While it is easy to get caught up in the details of electioneering, it is more important to keep the broader context of occupation and its effects firmly in mind when considering current and future
Palestinian/Israeli negotiations. The January 2001 issue of the Peace Office Newsletter seeks to provide such a broader context, and is devoted to the on-going Palestinian-Israeli conflict. Articles by MCC workers and partners focus on the failure of the Oslo process, the fate of Palestinian refugees, settlement expansion, the closure/siege on the occupied territories, and the Palestinian Christian presence and witness. The newsletter also includes a listing of helpful books and websites and could be used as a resource in Sunday School classes, discussion groups, and high school and college classes. Copies of the Peace Office Newsletter are available for a suggested donation of US $1/copy from Esther O'Hara in the MCC Peace Office in Akron, Pa., USA. Contact Esther at MCC, P.O. Box 500, 21 S. 12th St., Akron, PA 17501, USA; tel. 717-859-1151; e-mail: geo@mail.mcc.org.
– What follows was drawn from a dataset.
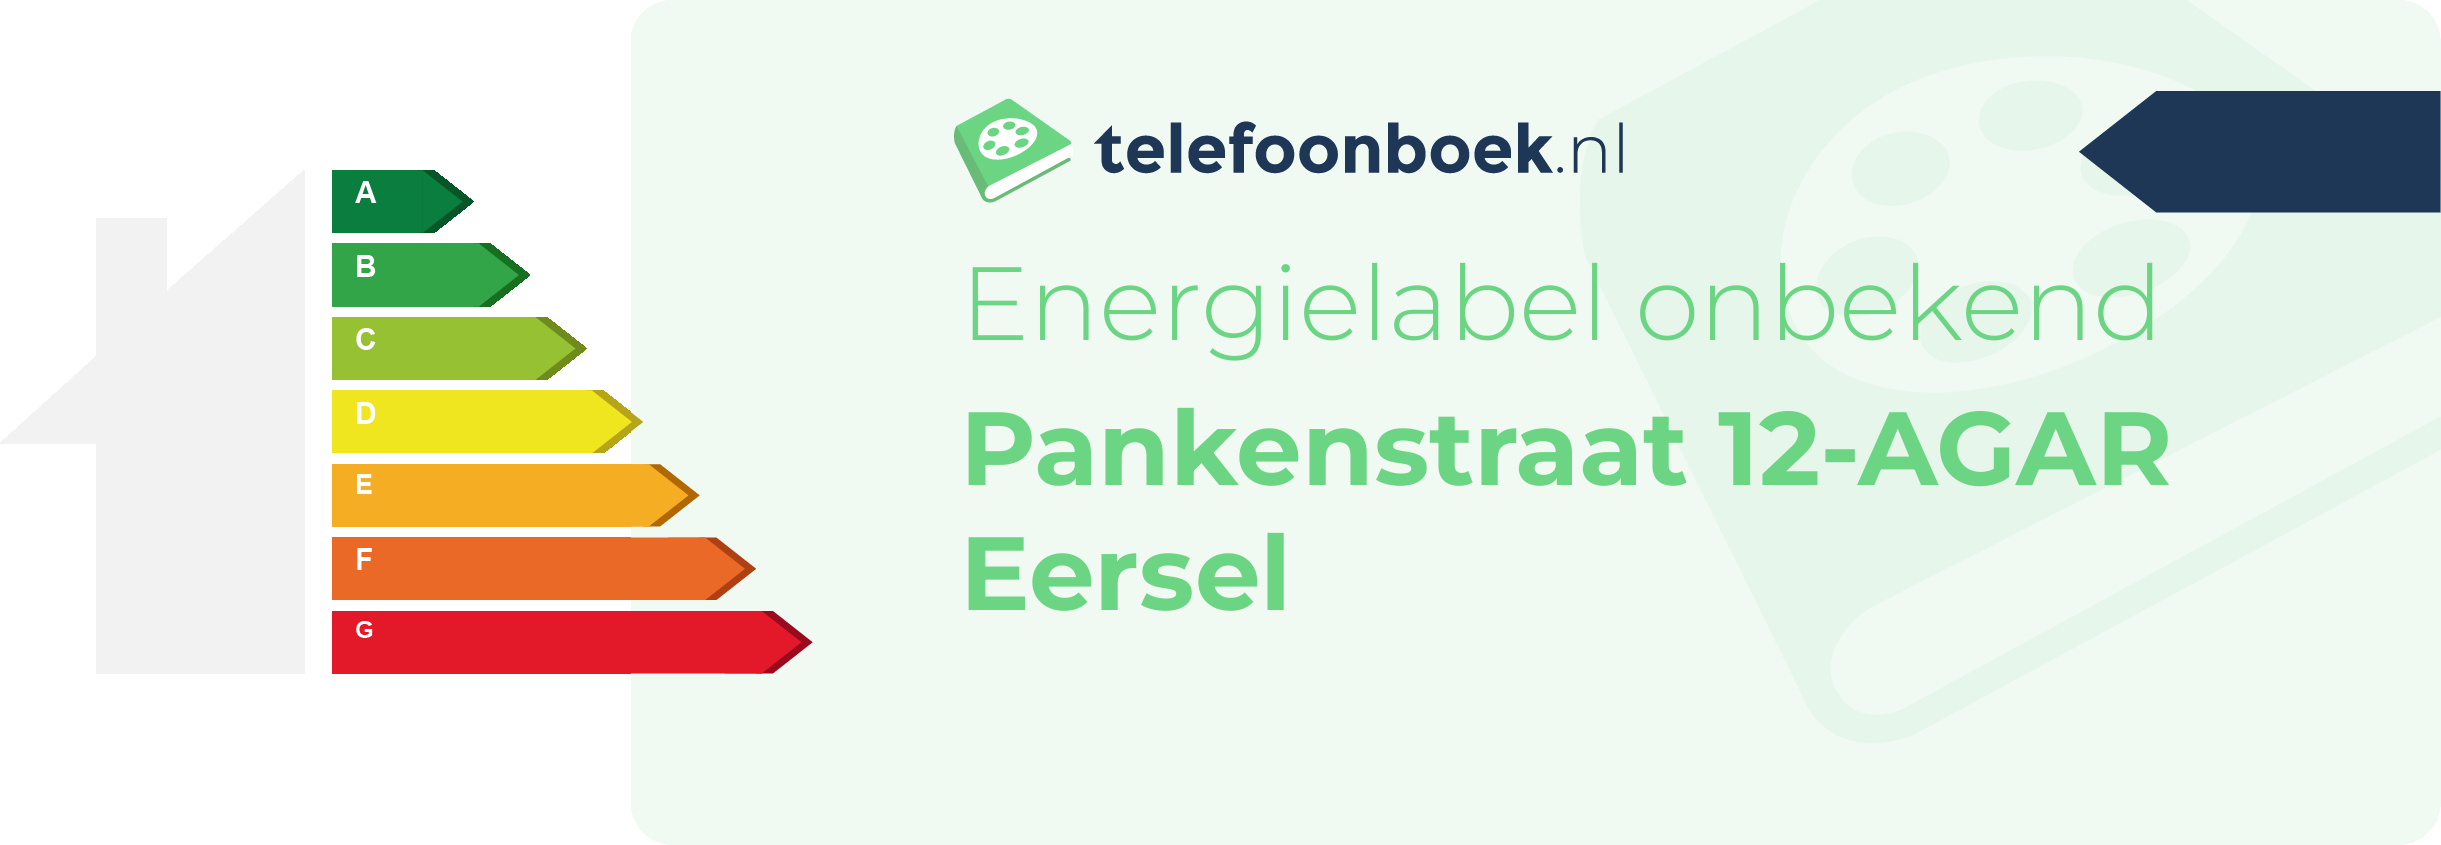 Energielabel Pankenstraat 12-AGAR Eersel

In project news, MCC has agreed to work with the Union of Agricultural Work Committees in the Gaza Strip to build 20 rain water collection ponds in the south of the Gaza Strip, which suffers from high water salinity. The ponds will increase the sweet water supply to farmers, thus reducing dependency on the Israeli water carrier Mekorot, reducing production costs, and allowing greater crop variation.
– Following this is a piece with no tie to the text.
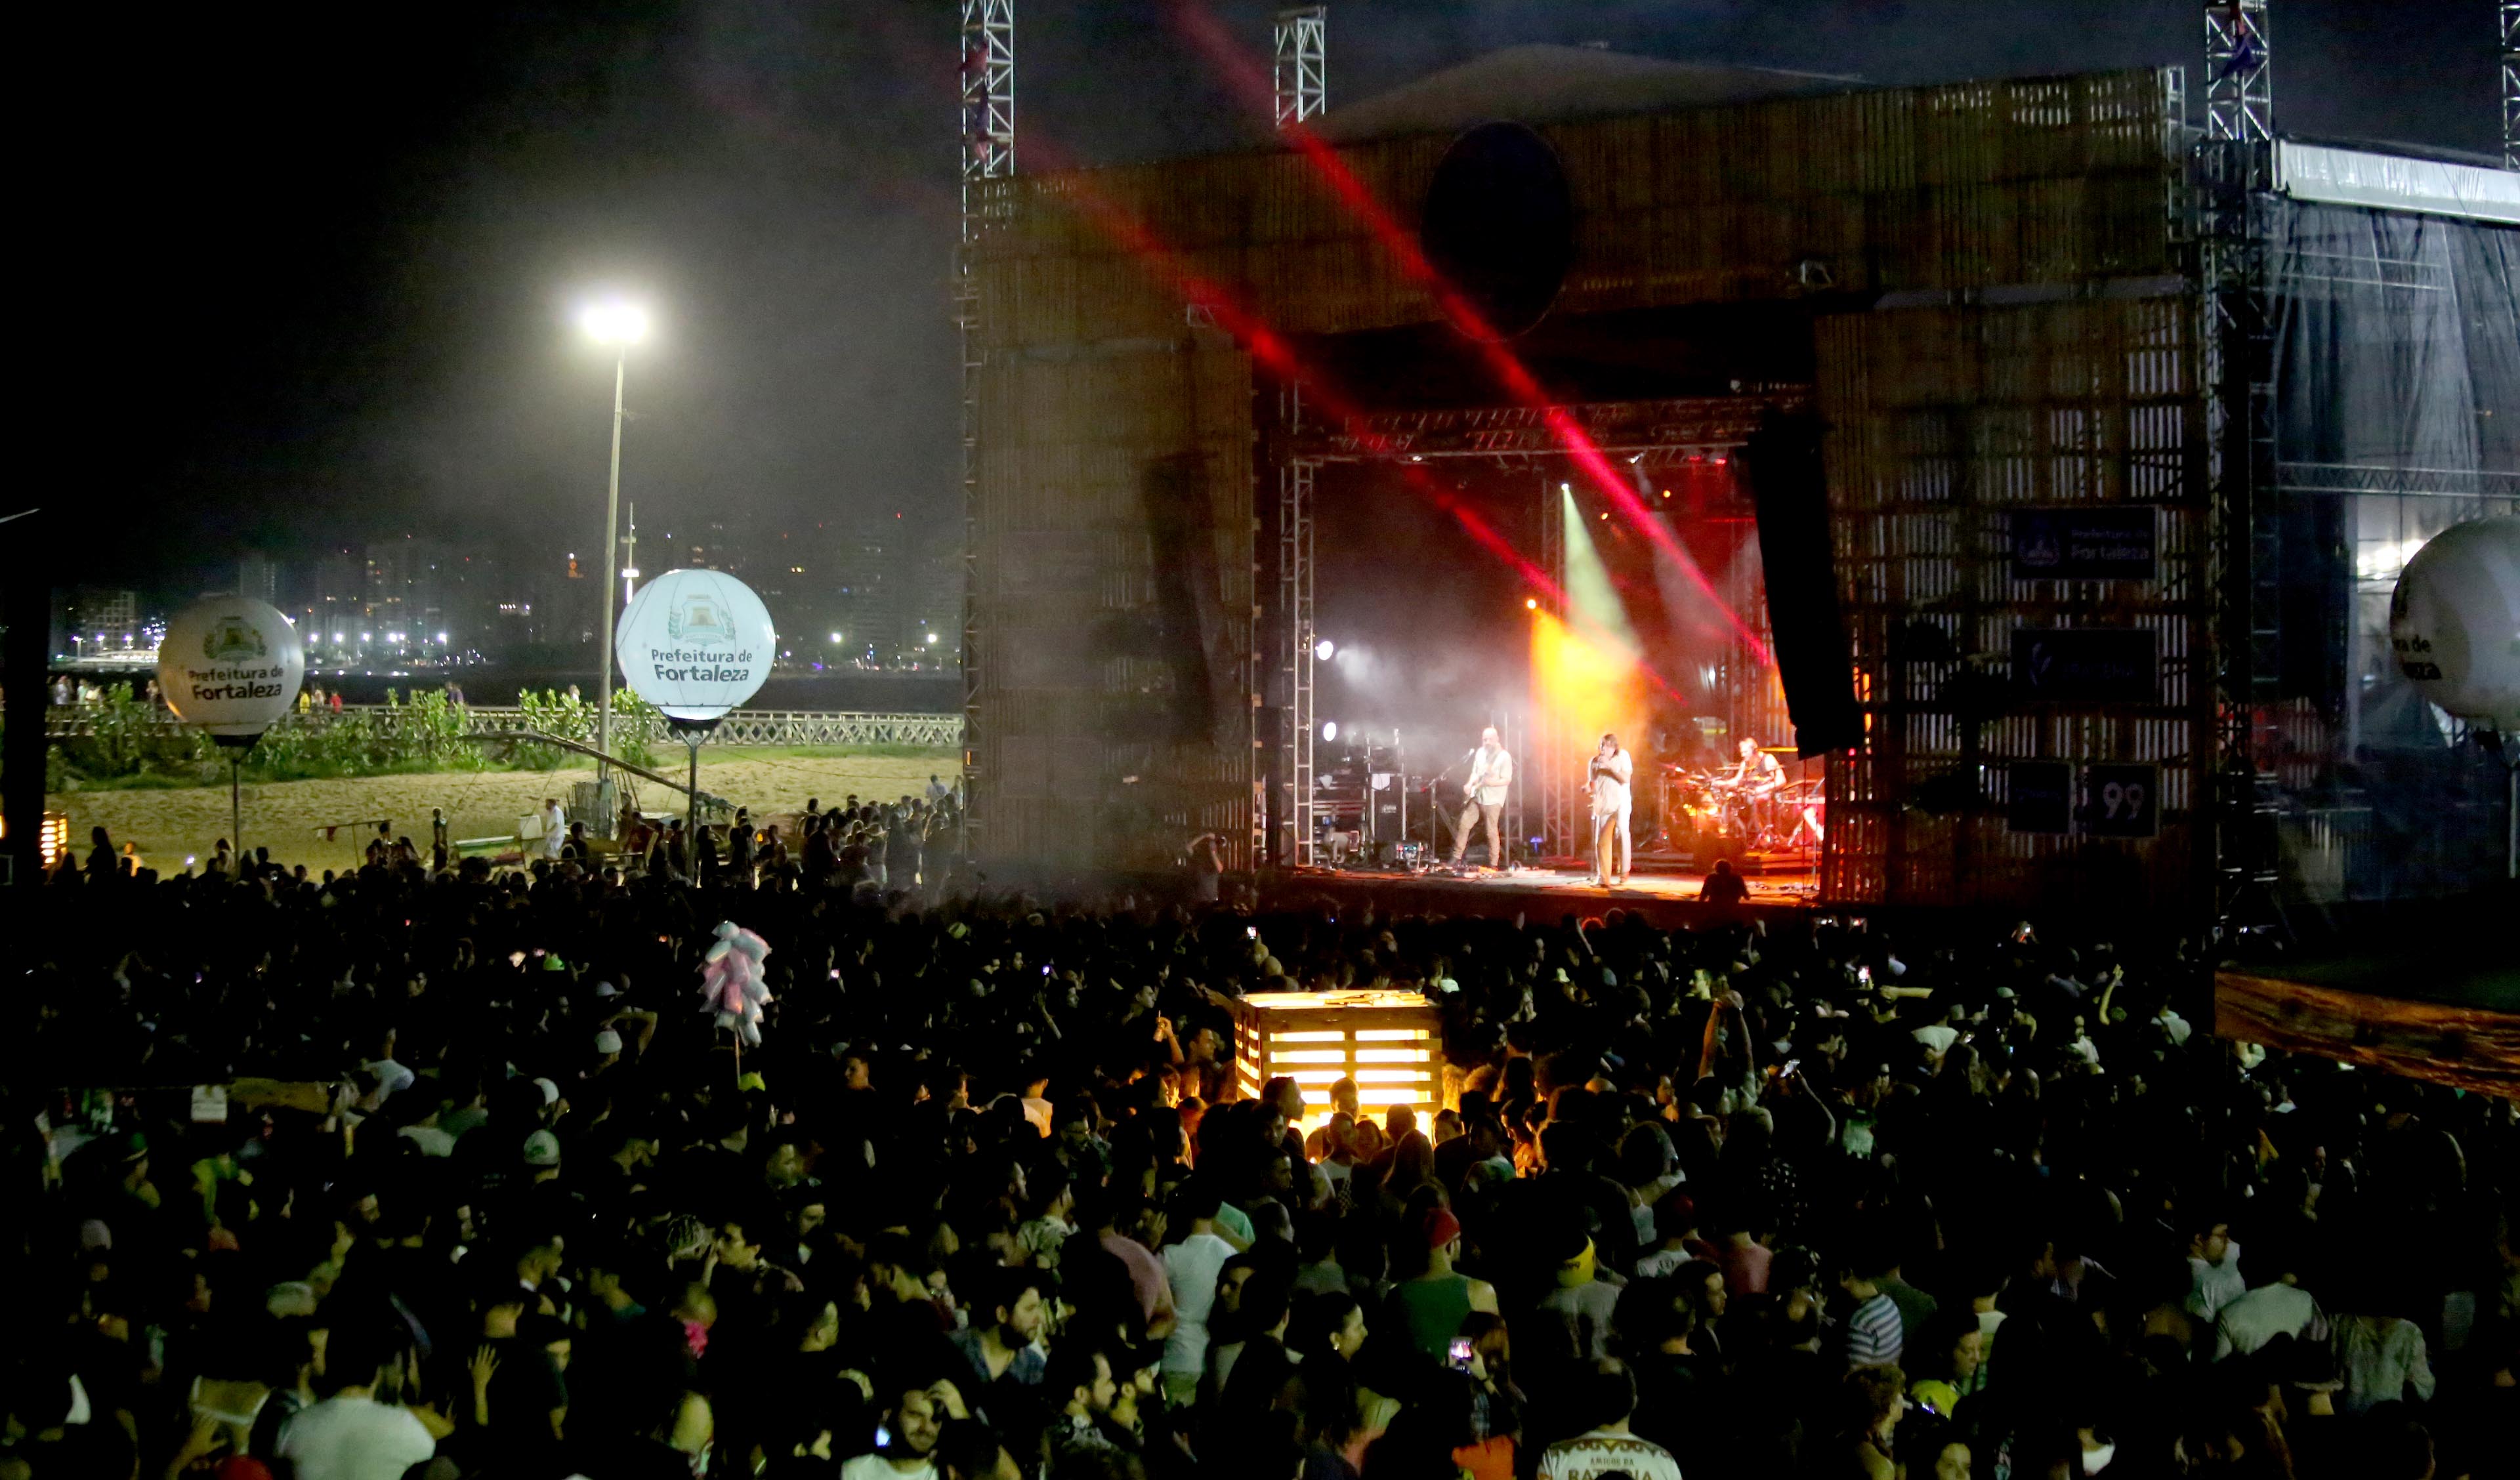 a foto mostra o palco de shows montado na praia de iracema, com público assistindo

Appended below is a statement from the Palestinian negotiating team which provides a Palestinian analysis of the role of U.S. "mediation" in the Palestinian/Israeli peace process under the Clinton administration.
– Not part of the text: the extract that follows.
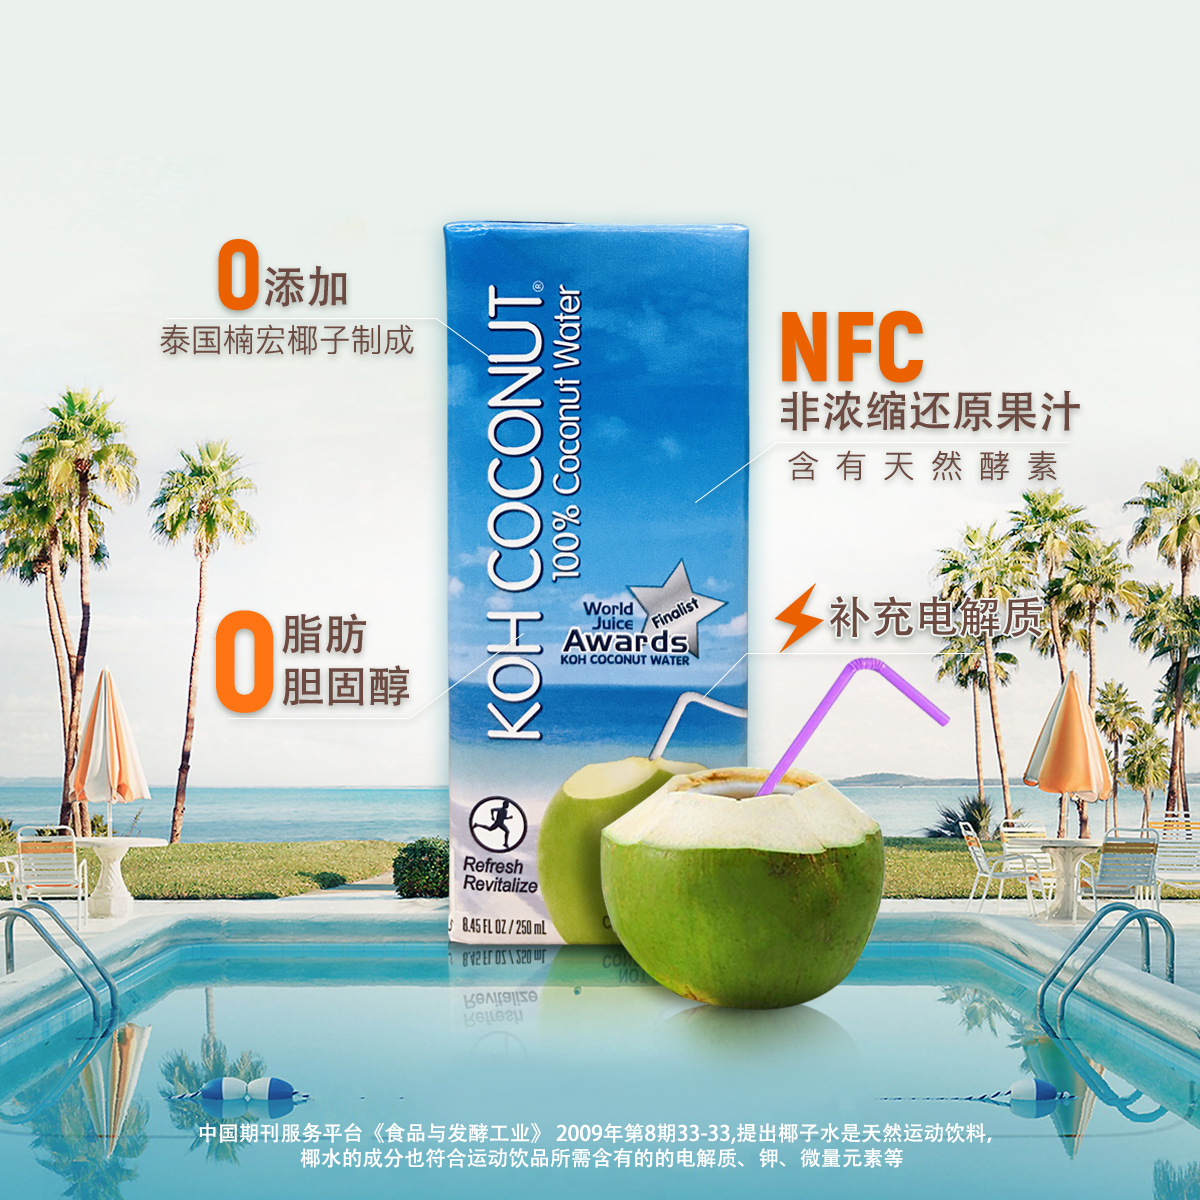 【保质期至7月2日】KOH酷椰屿100%椰子水泰国进口NFC果汁饮料48盒 - 图1

1. MEMORANDUM: Lessons learned concerning US involvement in the Palestinian-Israeli peace process over the last seven years
Palestinian Negotiating Team
21 January 2001
No third party has been as involved and influential in the Palestinian-Israeli peace process over the last seven years as the United States and, in particular, its Special Middle East Coordinator, Dennis Ross. In view of the United States inability to facilitate the realization by Palestinians and Israelis of a just and lasting peace in accordance with Security Council Resolutions 242 and 338 and other sources of international law, it seems prudent, at the close of the Clinton Administration, to assess US involvement and to identify some of the reasons the United States involvement has not yielded better results.
Process over Substance
Under US supervision, the Palestinian-Israeli peace process has become a goal in and of itself. A false sense of normalcy has been created because of the on-going process of negotiations. The lack of visible resistance to Israeli occupation from the Palestinian side, except for temporary flare-ups, and Israel’s ability to continue negotiations while continuing to build settlements in occupied Palestinian Territory has created the false impression that the process of achieving peace could substitute for peace itself. Thus, the difficult substantial issues at the core of the conflict, including acceptance that Israels occupation of Arab territory it conquered in the 1967 Israeli-Arab War is illegal, have been constantly deflected in order to maintain talks without requiring Israel to face up to its obligations. In fact, the United States advocacy of constructive ambiguity has had disastrous consequences for the peace process. Both parties to the conflict have mistakenly assumed at different times that either the Israelis had accepted to end the occupation or that the Palestinians had agreed to forego some of their fundamental rights as a result of vaguely worded agreements. Whereas such ambiguity made it possible for both sides to sign agreements that they could interpret in diametrically opposed manners to their domestic constituencies, the facts on the ground of implementing opposing interpretations have led to very little implementation at all.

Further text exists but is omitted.